START Recorded information

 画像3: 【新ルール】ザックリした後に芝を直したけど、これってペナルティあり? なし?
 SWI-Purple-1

END Recorded information
START Recorded information

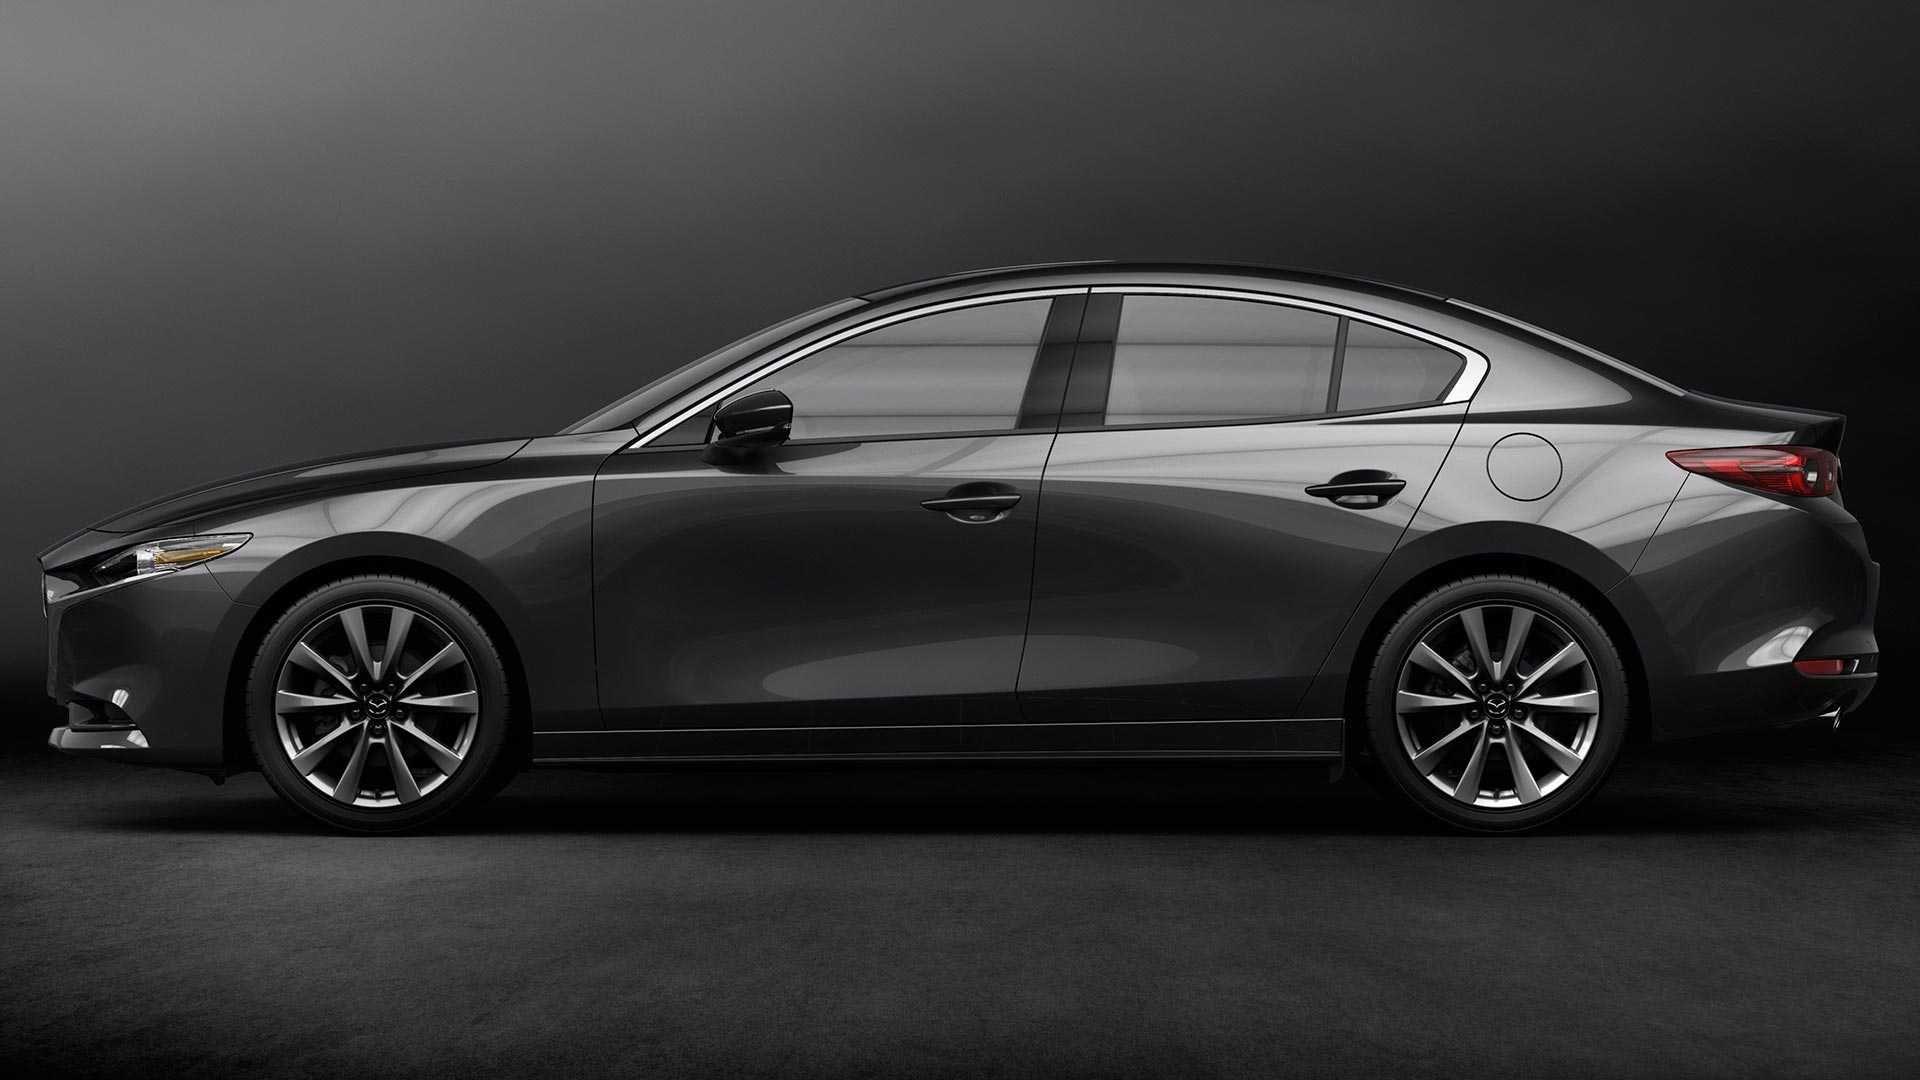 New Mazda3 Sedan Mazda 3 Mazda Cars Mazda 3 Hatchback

END Recorded information

Retype exactly, and only, the lines above from the one where "画像3: 【新ルール】ザックリした後に芝を直したけど、これってペナルティあり? なし?" occurs up to and including the one where "SWI-Purple-1" occurs.

> **Task result**
 画像3: 【新ルール】ザックリした後に芝を直したけど、これってペナルティあり? なし?
 SWI-Purple-1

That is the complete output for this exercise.